What is WDM?
Transfer of information from one place to the other can be achieved using different transmission technologies or mediums which include copper cable lines, space and fibre optic cables etc. As there is only one medium, maximum data rate through it can only be achieved by simultaneous transmission of information through various techniques. These techniques are called multiplexing techniques. These are TDMA,FDMA,CDMA,OFDMA etc. WDM is also one such multiplexing technique.
This page describes what is WDM or Wavelength Division Multiplexing and WDM application.
Wavelength Division Multiplexing(WDM) is similar to the FDM(Frequency division multiplexing) technique.
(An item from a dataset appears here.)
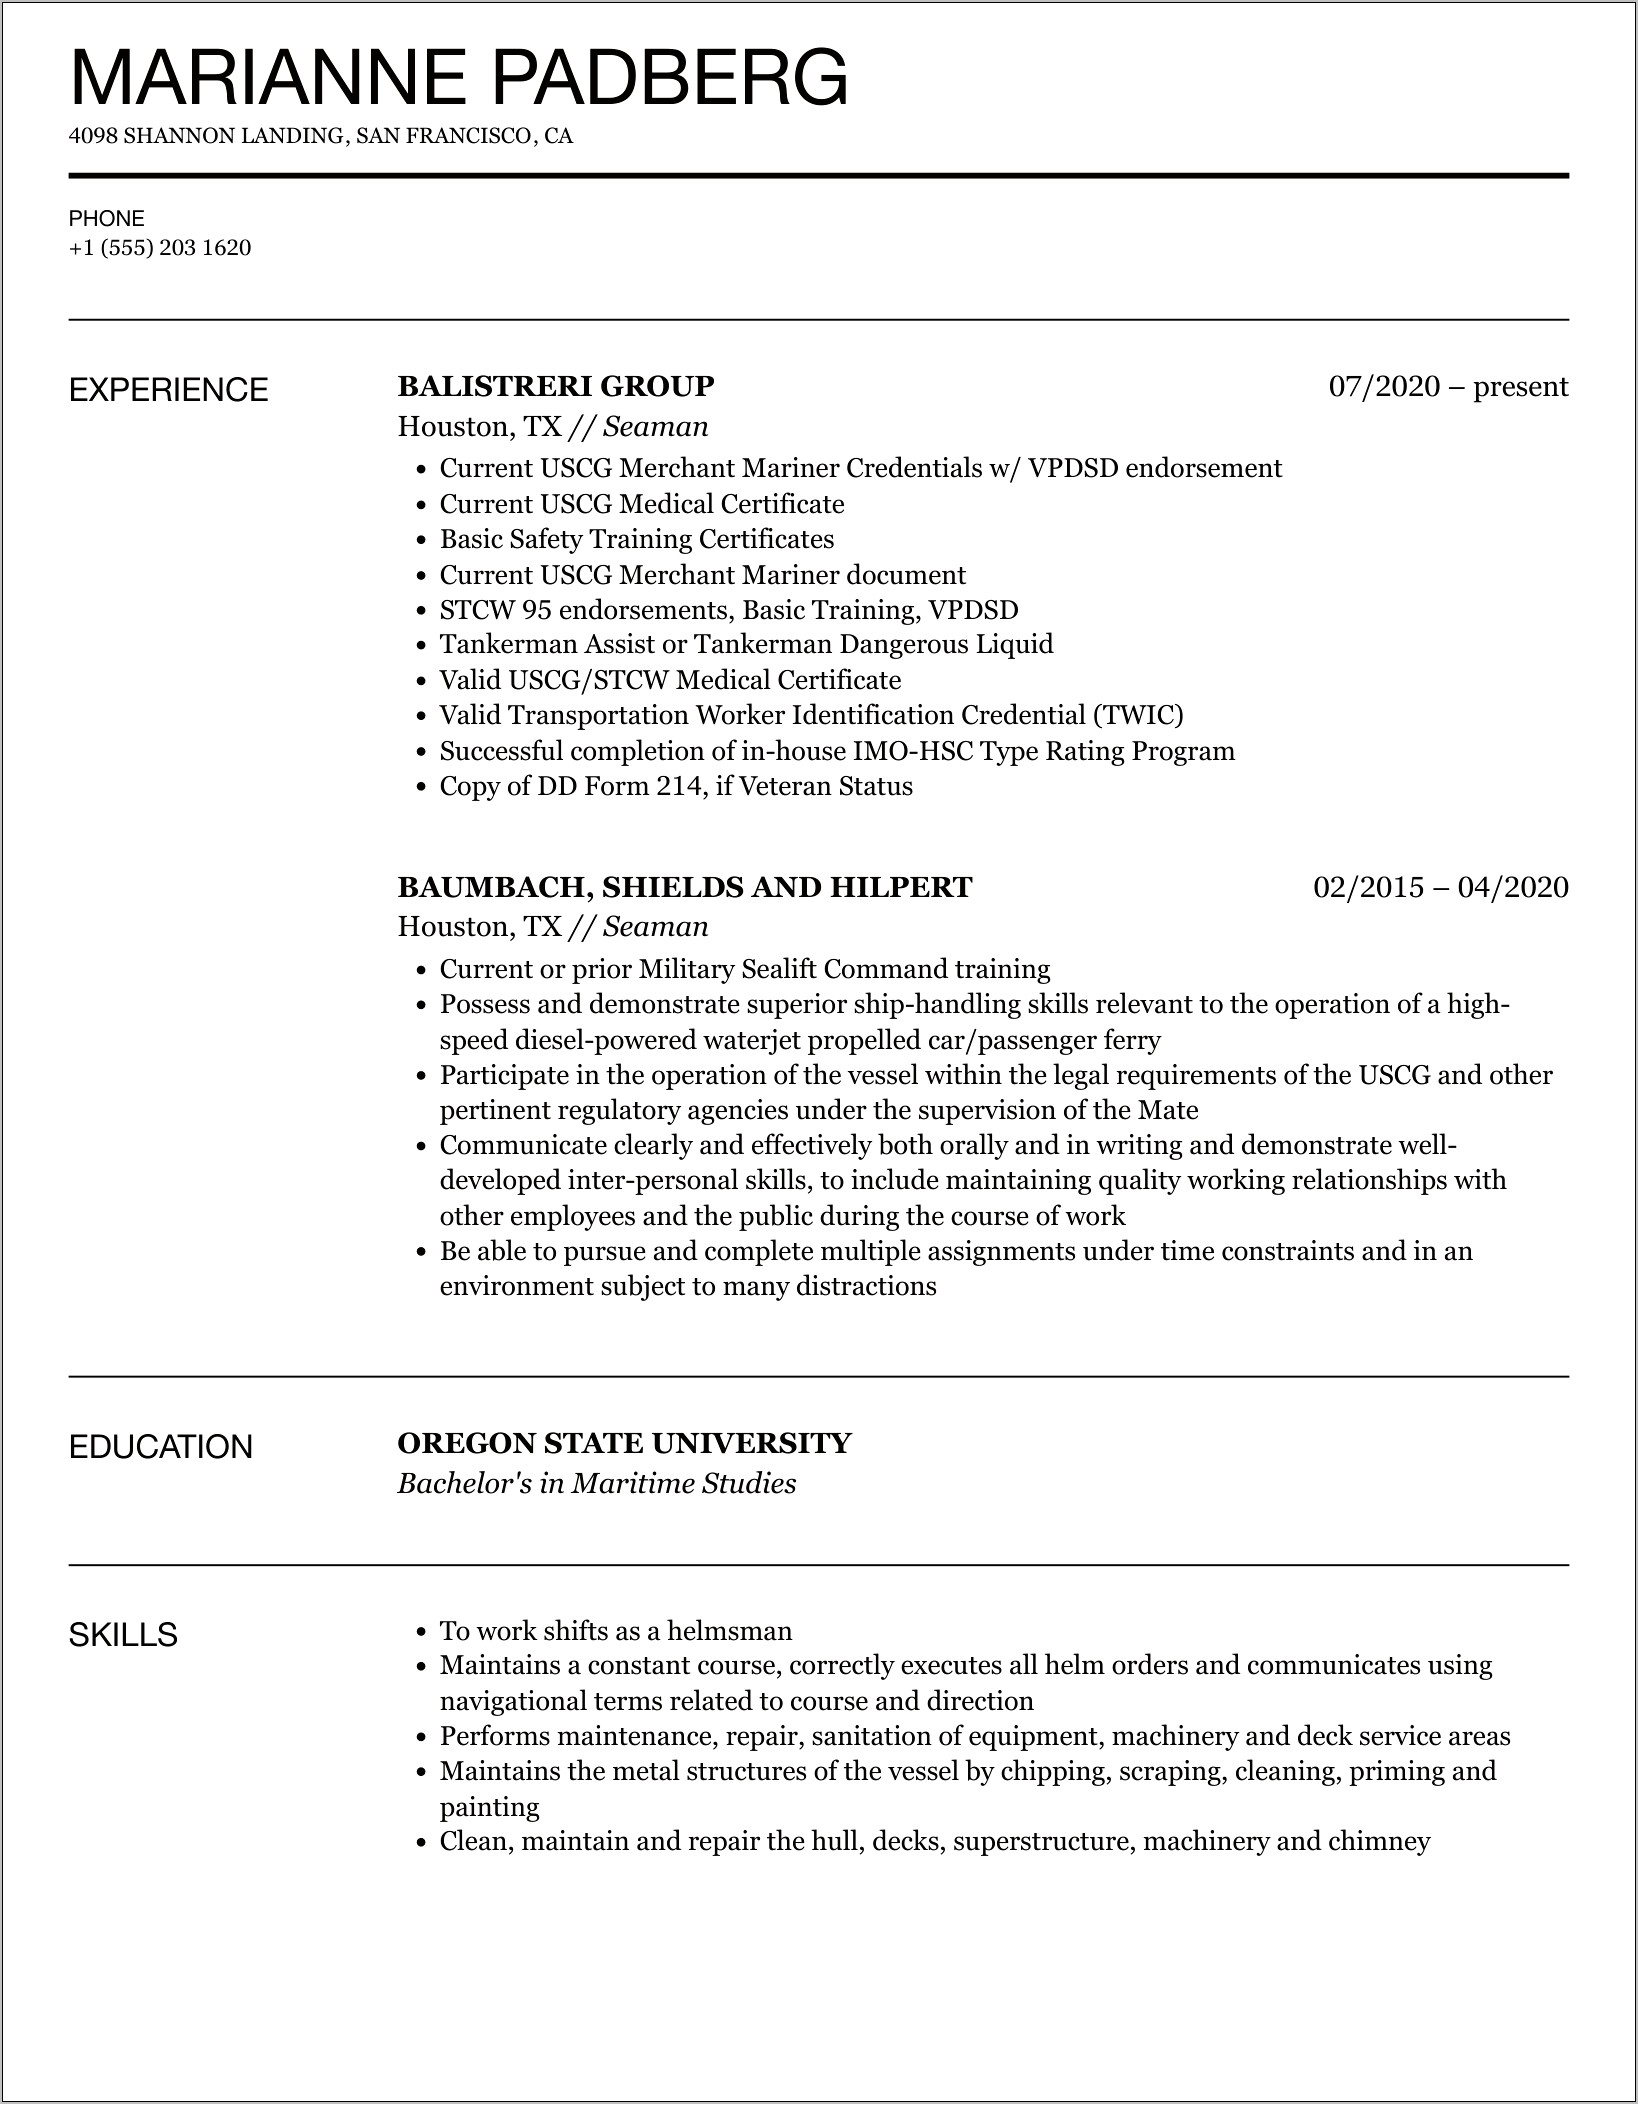 Sample Resume With Passport Details

This is because of their mathematical relationship as mentioned below.
Wavelength = C/Frequency , C is the Speed of Light
The difference between them is that in WDM light signals are multiplexed and transmitted through fibre optic cables. This results into higher data rate capacity as different light signals of different wavelengths will be carrying different data streams. This is because narrower band signals are combined to form wide band of light signal.
The basic concept in WDM is that it uses different optical carriers or colours to transmit different signals in a optic fibre. Optic fibre here is analogous to multi-lane highway. WDM is irrelevant to type of traffic to be carried and hence any type of traffic can travel over fibre optic cable e.g. ATM packets,SDH and IP data.
SONET/SDH functional capabilities and enormous bandwidth of DWDM lead to development of 32 and 96 channel WDM which can carry information at 320 Gbps to 1.2terabit per second transmission rates.
When the number of wavelength channels are more than 20, WDM is referred as DWDM or Dense WDM.